## TASK
From the data below, please reproduce exactly everything from the line that contains "阪神内燃機工業の株価推移(2022)" down to the line that contains "1/4 GULDEN 1965", with both ends included.

## EXERCISE MATERIALS

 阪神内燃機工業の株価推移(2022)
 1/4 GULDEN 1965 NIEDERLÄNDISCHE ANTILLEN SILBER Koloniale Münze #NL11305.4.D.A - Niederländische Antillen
==
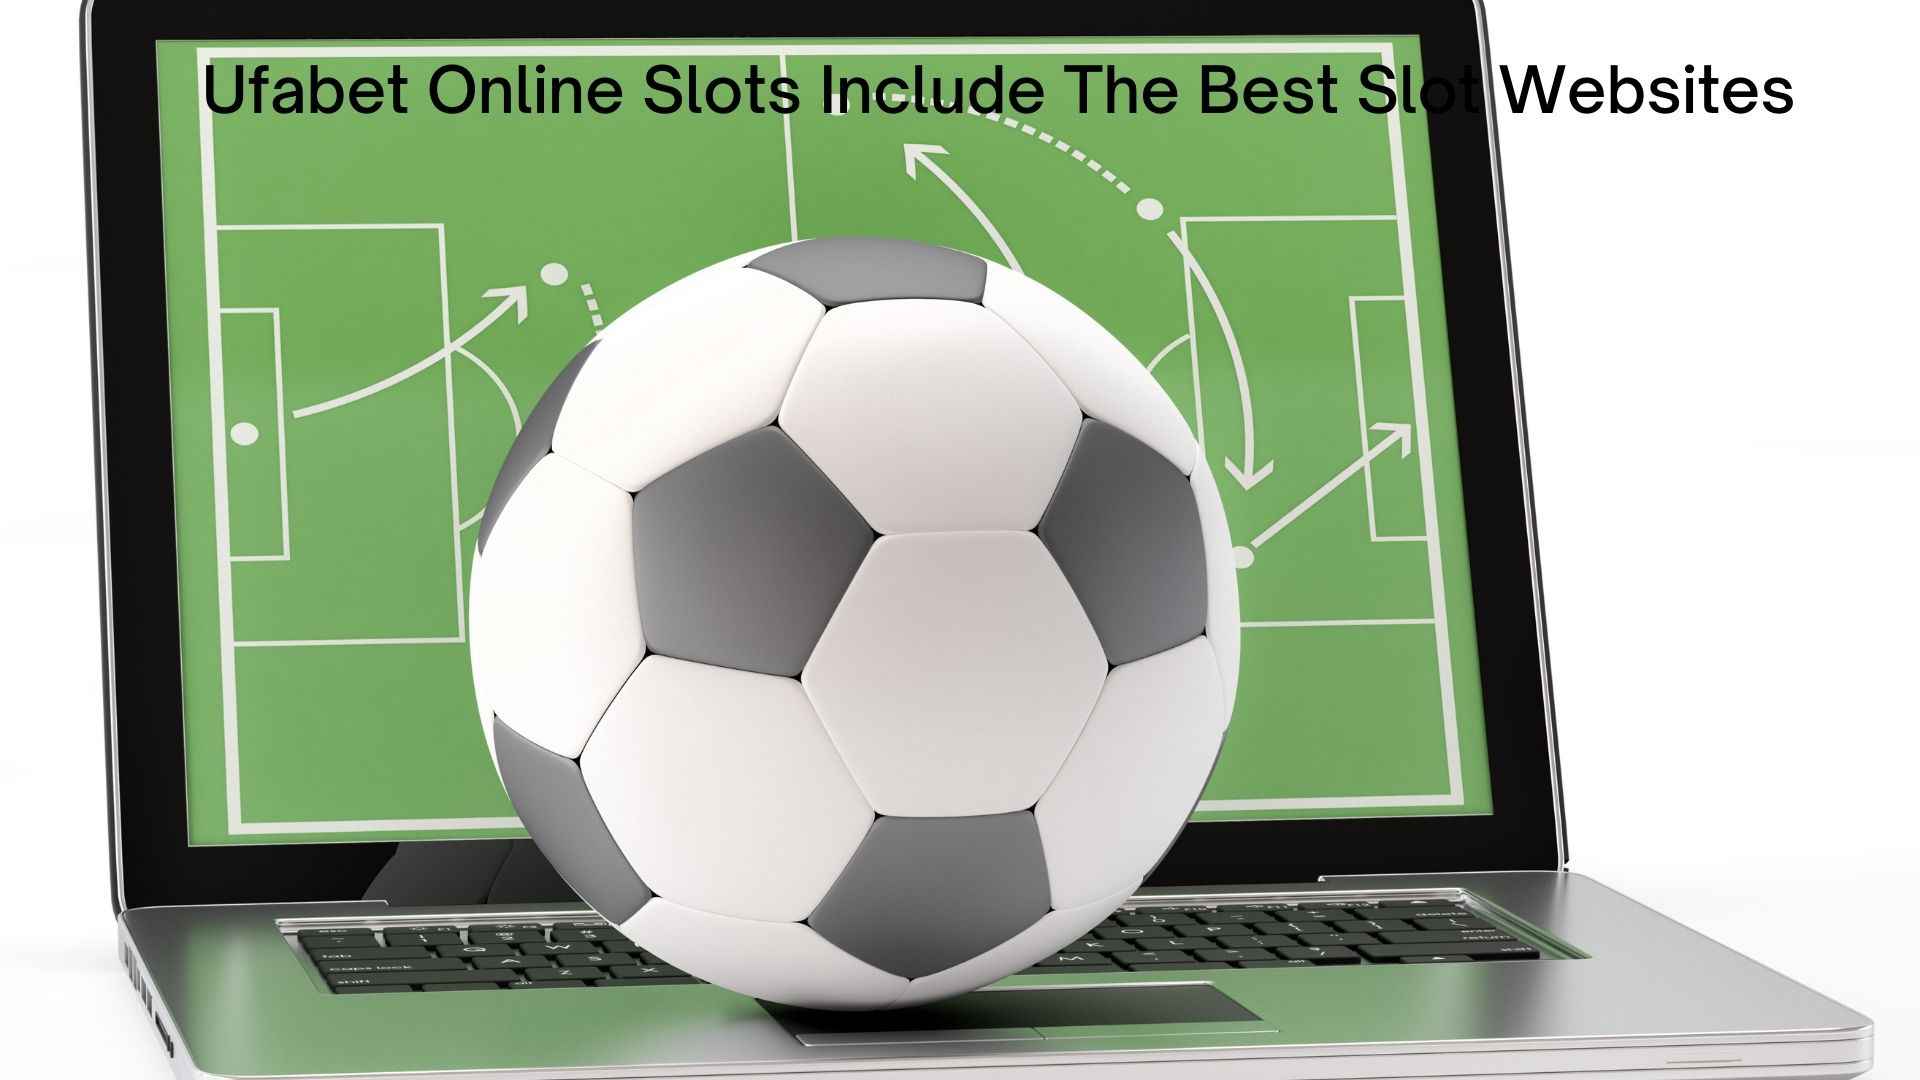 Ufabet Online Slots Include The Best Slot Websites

## ANSWER TO THIS EXERCISE
 阪神内燃機工業の株価推移(2022)
 1/4 GULDEN 1965 NIEDERLÄNDISCHE ANTILLEN SILBER Koloniale Münze #NL11305.4.D.A - Niederländische Antillen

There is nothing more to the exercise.